Still means your fuses will need uprating - battery cable fuses are there to protect the cables and should be rated a little less than the cable rating, appliance fusing should be integral or local to the load

Good Luck

Ray


----------



## ched999uk (Jan 31, 2011)

Cheers.
Battery A is original location. Battery B +ve is connected via 2 fuses to Battery A +ve. Battery C +ve is connected via 2 fuses to Battery A +ve. Load connections are from Battery A. Negatives same i.e. all back to Battery A.

Current fuses are 60amp but I can't seem to find any 100amp ones to fit my holders. I can find them in America but expensive.

Appliance (inverter) is internally fused.

Thanks for your help.


----------



## Ian_n_Suzy (Feb 15, 2009)

Hi,

http://www.ebay.co.uk/itm/Line-Maxi...arts_Vehicles_CarParts_SM&hash=item41614f665b

Looks like you can buy it complete with the holder for under a fiver.

GOOD LUCK


----------



## Ian_n_Suzy (Feb 15, 2009)

or http://www.ebay.co.uk/itm/100-AMP-1...arts_Vehicles_CarParts_SM&hash=item4150aa2598

http://www.ebay.co.uk/itm/1-x-100-A...arts_Vehicles_CarParts_SM&hash=item3a6eb23376

A couple without the holders if you have a Maxi Holder yourself.


----------



## ched999uk (Jan 31, 2011)

cheers I may have to go down the maxi route. I wouldn't use fuse holder shown as you then need to connect to the tails from the fuse holder. But thanks for maxi fuse type reminder. I forgot about those haven't use them since the 80's . 
These are what I have: http://www.maplin.co.uk/water-resistant-fuse-holder-30428


----------



## rod_vw (May 10, 2005)

These are AGU fuses at 100Amp I don't know if they are exactly what you need but have a look.
http://cgi.ebay.co.uk/ws/eBayISAPI.dll?ViewItem&clk_rvr_id=311261071073&item=380297394925

Personally I prefer the 'Blade' type but if you don't need to change the fuse holders then go with the type that you have.

Rod


----------



## ched999uk (Jan 31, 2011)

Cheers Rod, I hadn't found those. 
The problem I have with blade types is getting the 20mm2 cable in the crimps.

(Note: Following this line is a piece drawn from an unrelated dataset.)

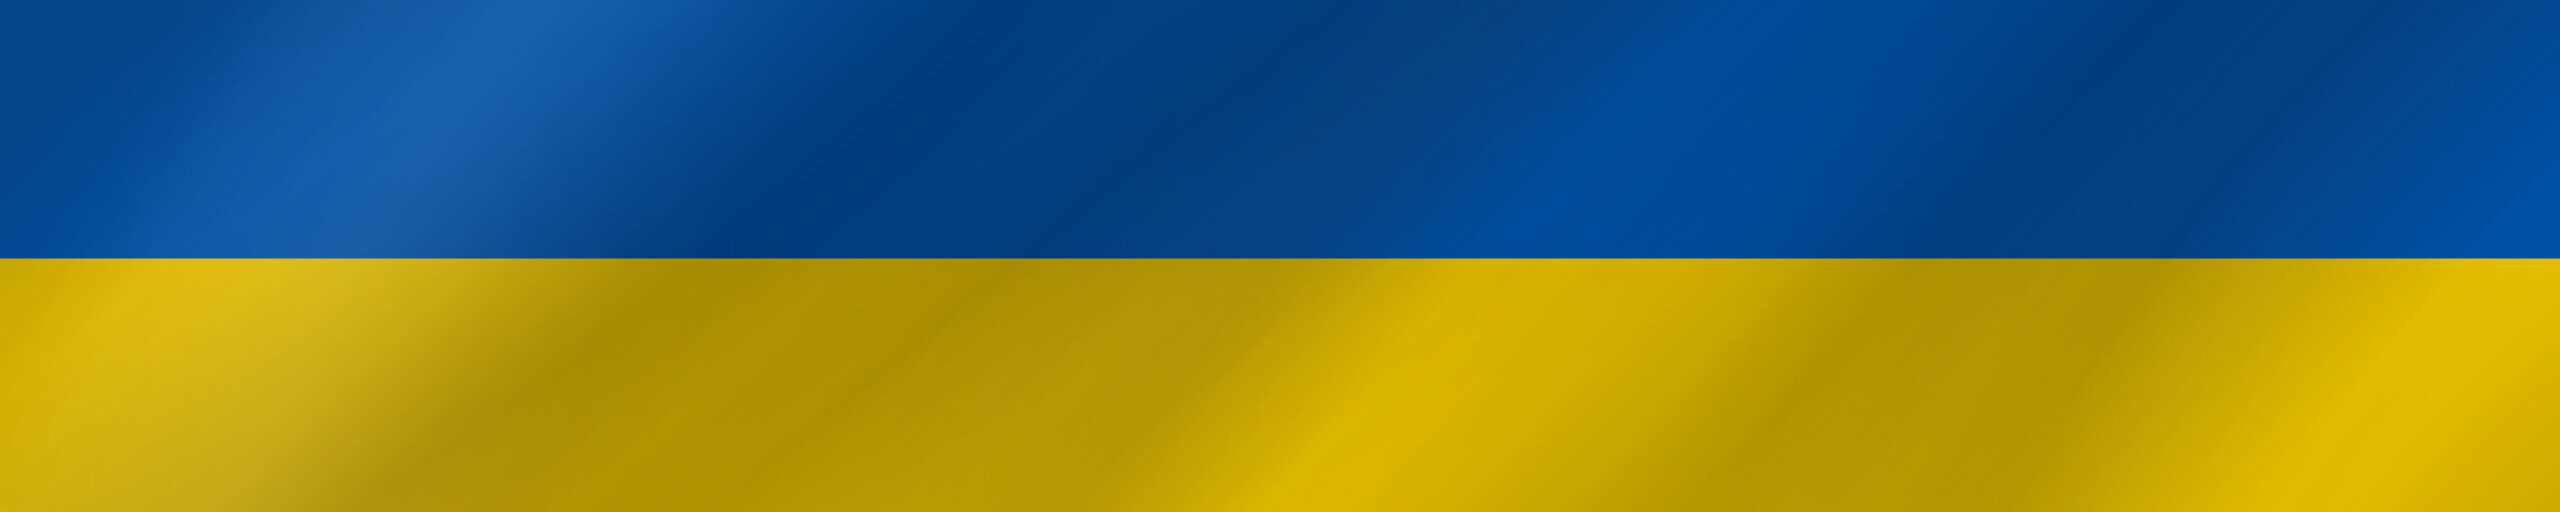 Peněžní převody na Ukrajinu

Cheers for the link. I think I will order a couple of sets.


----------



## airstream (Jan 7, 2009)

*mega fuse/holders*

Hi.
Mega fuse and holders can be purchased from vehicle wiring proucts 
mega fuses go up to 175 amps www.vehicleproducts.co.uk

Also should have mentioned that the cable length between batteries is also a major factor in how the load/charging is shared between batteries - ideal is all cables are the same length and size

If your take off battry is metres away from the other two (you have to count up both cables to determin volt drop) at 100 amps draw you could lose 1 or 2 volts between batteries

Ray


----------



## rod_vw (May 10, 2005)

The other choice is to use these http://www.vehicle-wiring-products.eu/VWP-onlinestore/fuses/fuses.php#strip and build your own fuse mounting if necessary. That is a solution that I have used in the past. VW use strip type fuses in the high current circuits as I suspect do many other vehicle manufacturers,

Rod


----------



## kandsservices (Sep 5, 2010)

try here http://www.ebay.co.uk/itm/250880513800?ssPageName=STRK:MEWAX:IT&_trksid=p3984.m1423.l2649
kev


----------



## airstream (Jan 7, 2009)

*strip fuses*

Hi, 
I would be careful if using strip fuses at anywhere near the fuse rating and I think the max cable size for the strip fuse holder is 16mm and the holder has small m5 connections ? - is the max strip fuse rating 100A?

Strip fuses at near fuse rating can get hot and should not be used in battery compartments with open cell batteries

I would go for the safer option of the mega type holder and fuses

For info at 100amps 20mm cable has an approx volt drop of 0.08v per metre on a cable run of 2mtrs ie 1 mtr + and 1mtr - = 0.16v

However will you ever use he inverter at its maximum rating? the only time we get close is for "the hairdryer" and then only with the engine running! so my installation is well overspec in both cable and fuses

Better safe etc

Regards Ray


----------